Sunday, August 01, 2004

What other brokers won’t tell you about OPEN Listings

Many business owners think they will put all the Agents in the world to work for them without their having any commitment with anyone and, with the hope, in the back of their minds, that they will sell it themselves and have to pay no one.

Well, it is partially true. They will get lots of Brokers. However, this arrangement benefits the Broker so little that good Agents will stay away from open listings. While losing the good Agents you will also lose the good Buyers working with those good Agents.

No Agent in his right mind will spend time, money or effort marketing an open listing. If they do, they will complicate the life of many Brokers and the Buyers who are working with them. This is another way of keeping the best Buyers away from your business.

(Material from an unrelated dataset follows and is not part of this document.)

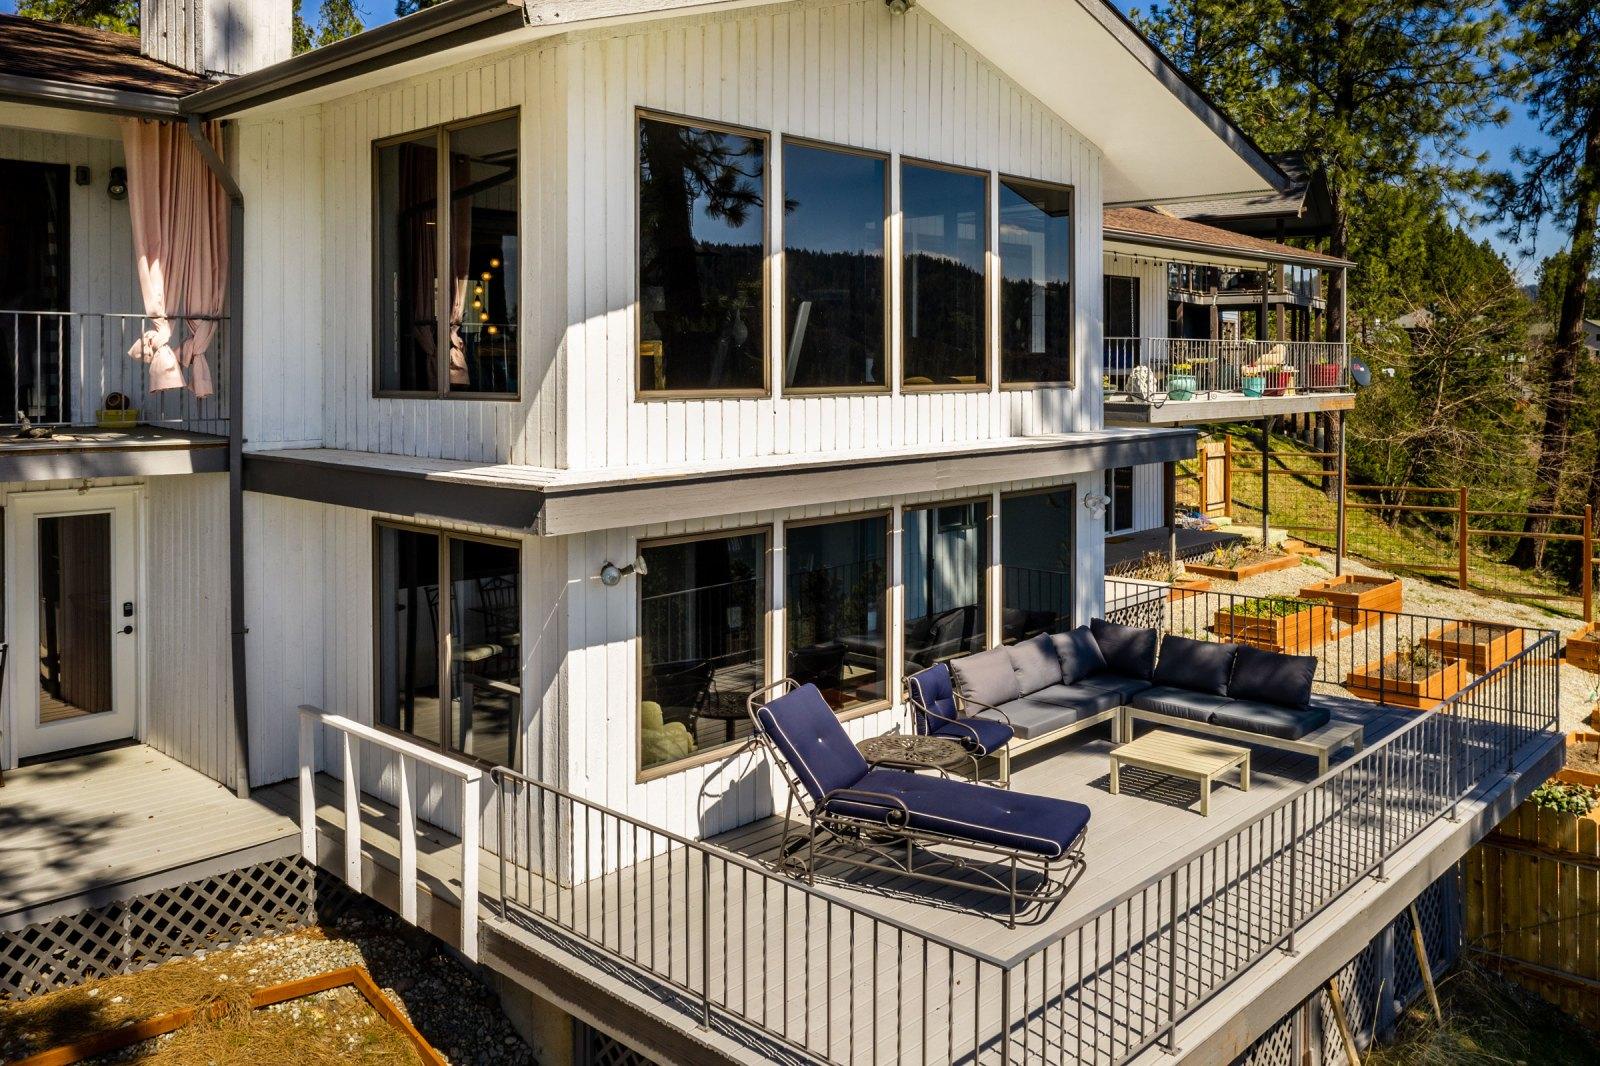 Real Estate Photography Spokane - Everyday I'm HOVERIN

The Seller thinks: “I’ll give my home to all the agents and whoever sells it gets paid. Plus, the more agents, the more buyers I am likely to find.”

This is what’s known as an open listing (or a ‘general listing’). The advantage with this method is that you are not committed to one agent. If your business does not sell, or if you sell it yourself, you owe nothing to any agent. With so many horror stories about agents, an open listing appears an ideal solution because you can sack the agent at any time with no further obligation.

There are two disadvantages with an open listing - and they are BIG ones: you are almost certain to have either a low priced sale or no sale.

The reason you often receive a lower price with an open listing is that the agents are being paid to find a buyer before another agent finds a buyer. It’s a race to get your business sold. The focus is to get any price and persuade you to accept it before another agent finds a buyer.

You may say that you will only sell with the agent who brings a buyer at the highest price - which sounds good, but it doesn’t happen that way. Most buyers shop around among many agents. If they see your business in the listings of more than one agent, the question they ask each agent is: “What is the lowest price I can pay for this business?”

The asking price may be the same with each agent but all it takes to ruin your chance of the highest price is for one agent to say, “I can get it for you for less.”

Open listings tend to have a lower priority than exclusive listings, and receive much less exposure. Would you spend a lot of time on an investment if there was no guaranteed return?

-Advantages of an Exclusive Listing
Having an exclusive listing allows you to deal with one professional agent, who is dedicated to marketing, and selling your business. A Non-Exclusive listing results in having to speak to a number of people who are not as committed to selling your business, and may not even be recognized real estate agents. Imagine having pre-qualified buyers, professional showings, high-quality flyers of your business printed in full color, written offers and professionals handling the legal issues, and all of the paperwork commonly associated with selling a business.



For example, if the business was initially priced at $500,000, Agent A may quote $498,000 to Buyer. In order to secure Buyer, Agent B will quote lower $495,000 while Agent C will quote $490,000 for the same business. Finding $490,000 attractive, Buyer approaches Agent C to buy the business. In turn, Agent C tells seller that there is only one interest buyer who is will to offer $490,000. Thinking that $490,000 was the best offer from the only Buyer, owner sold the business. To an agent, it is only about $200 difference in commission (assuming 2% of selling price) when the business is sold at $490,000 compared to $500,000. However, to an owner, the difference amounts to $10,000!

Each time you hear something too good to be true, ask again. There is no free lunch.

Exclusive right to sell listings
An exclusive right to sell listing is also referred to as an exclusive authorization and right to sell or just a plain, old exclusive. The exclusive is the most widely used form of listing contract in the United States. Here are the reasons it's popular with sellers and brokers:

Maximum incentive for brokers: Under this form of exclusive listing, the listing broker gets paid if anyone -- even the owner -- finds a ready, willing, and able buyer for the business during the life of the contract. Owner and broker are allies, not adversaries, with a mutually beneficial goal of getting the listed business sold as quickly as possible for as much money as possible.

Maximum effort for seller: An exclusive right to sell listing gives your listing broker a strong monetary incentive to focus his or her time, energy, and advertising dollars on one priority -- a fast, top-dollar sale of your house. To that end, the listing broker should immediately cooperate with any and all other brokers who might have buyers for your business by offering to split the compensation 50/50 (or whatever split is customary in your area) with the broker who generates a ready, willing, and able buyer.

In short, an exclusive listing works towards the advantage of the business owner.